When we are good people the answer to when we have given enough of honour, duty, and love is always the same. Never. It must be some other perception that puts us there. I never listened to the professionals around me (there were many up here in socialized Canada because I don't pay for any of them so we had a doctor, a geriatric specialist, a case worker, an AD rep from the society, a respite director, a personal support worker, their supervisor, and a social worker all involved) who to a person said they didn't know how I did it and it is only now when I listen to the staff of eight in the locked up section of the residence showing me what a handful she is for them that I realize it was ok to do this [see, I'm still justifying myself].
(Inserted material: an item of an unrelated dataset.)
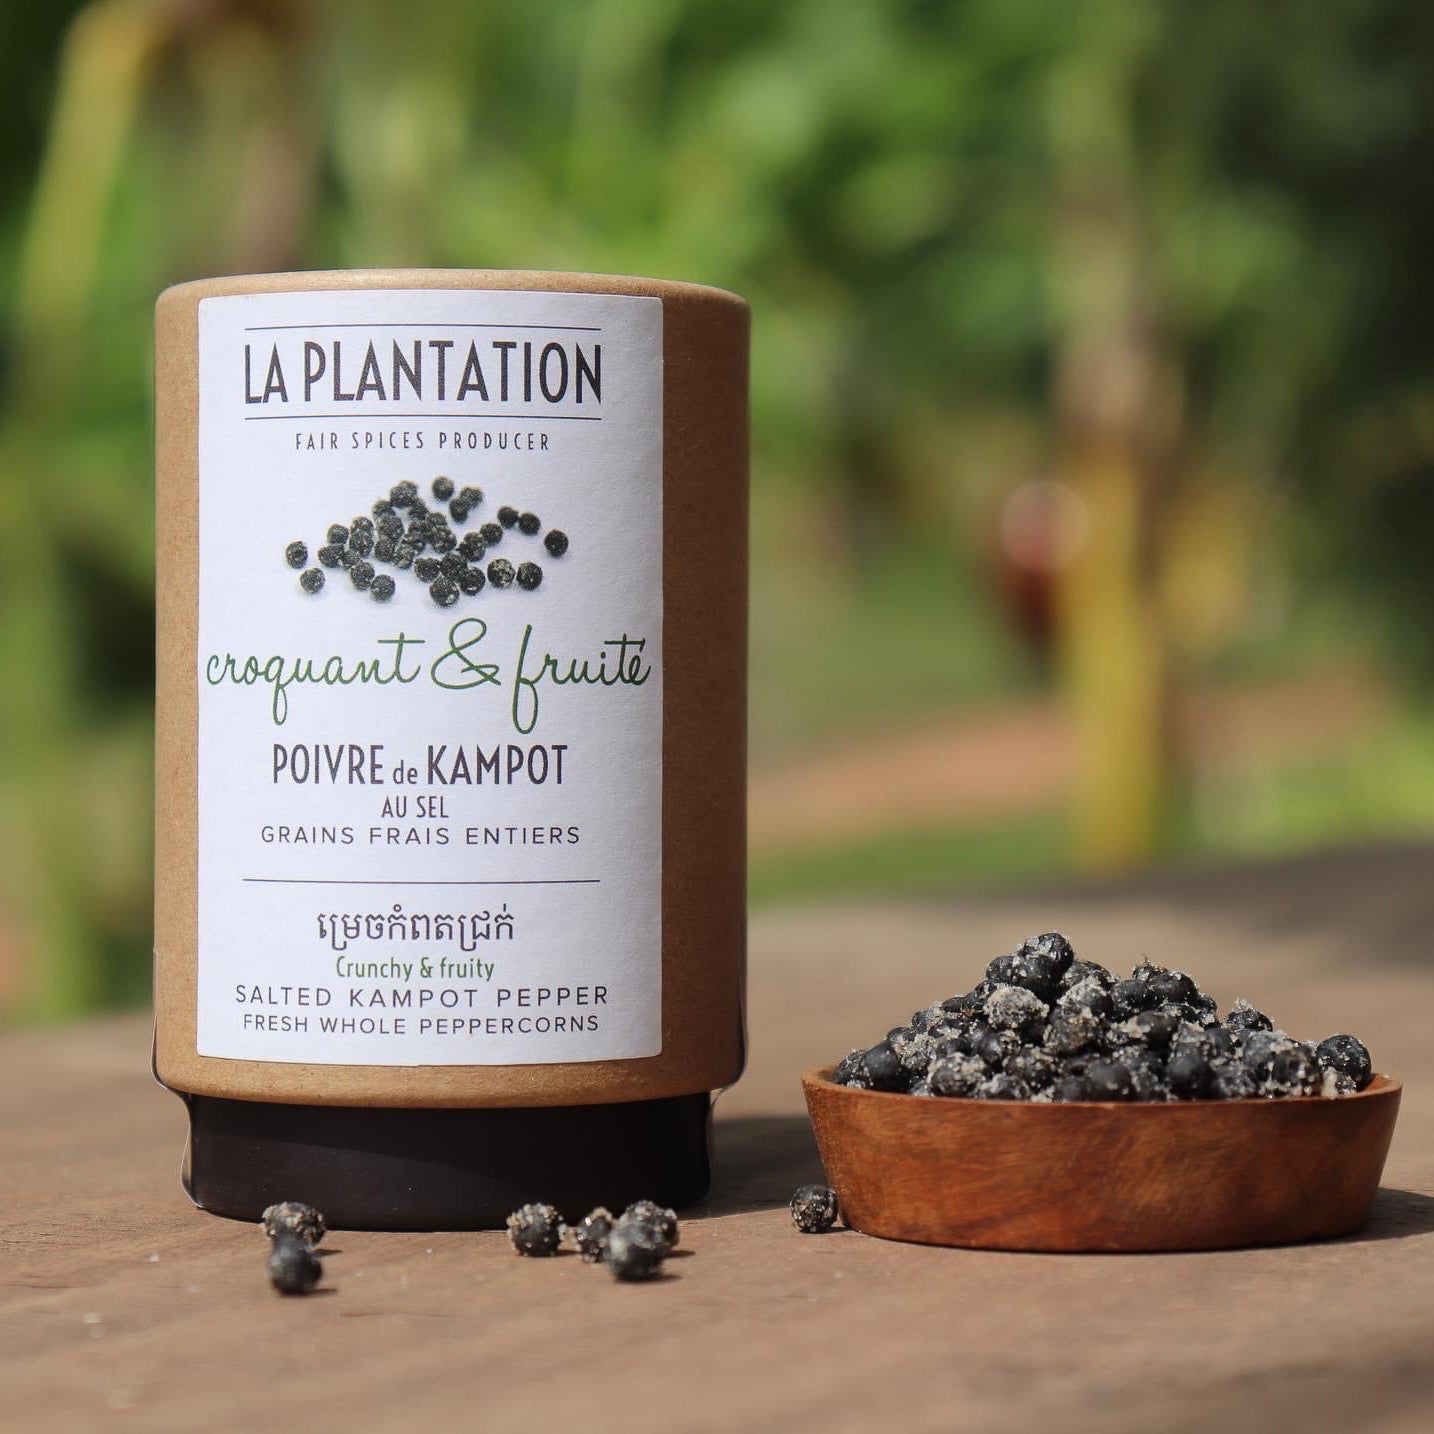 Hooked from the first bite, fresh Kampot salted pepper is your best pepper for your home cooking. Fabulous served with cheese, oysters in pepper sauces and straight up. Serve on a charcuterie board like you would olives or capers.

For me the moment came when the respite director told me no NH would take her in her present condition and I suddenly started saying "I can't do this anymore" and inititated a crisis placement. She was right in that 5 of the 8 homes with proper facilities who read her detailed file, turned us down. (she bites sometimes)
If I may, consider opening up to Jeff's sister who sounds like she has a decent head and heart and ask her if she would be willing to talk about this and help decide when it is alright to place her brother into care. If you are fortunate enough to have her open up and share this decision with you - it may help you to decide what is to be done and when.
On re-reading what I've written, I want to add that I don't perceive the immediacy as the issue; but, the resolution of it in itself into a picture I can accept.
me too Wolf, not as far along as our dear emily in the process, but words of wisdom from you all, from a place where people come that love their spouses dearly, is priceless.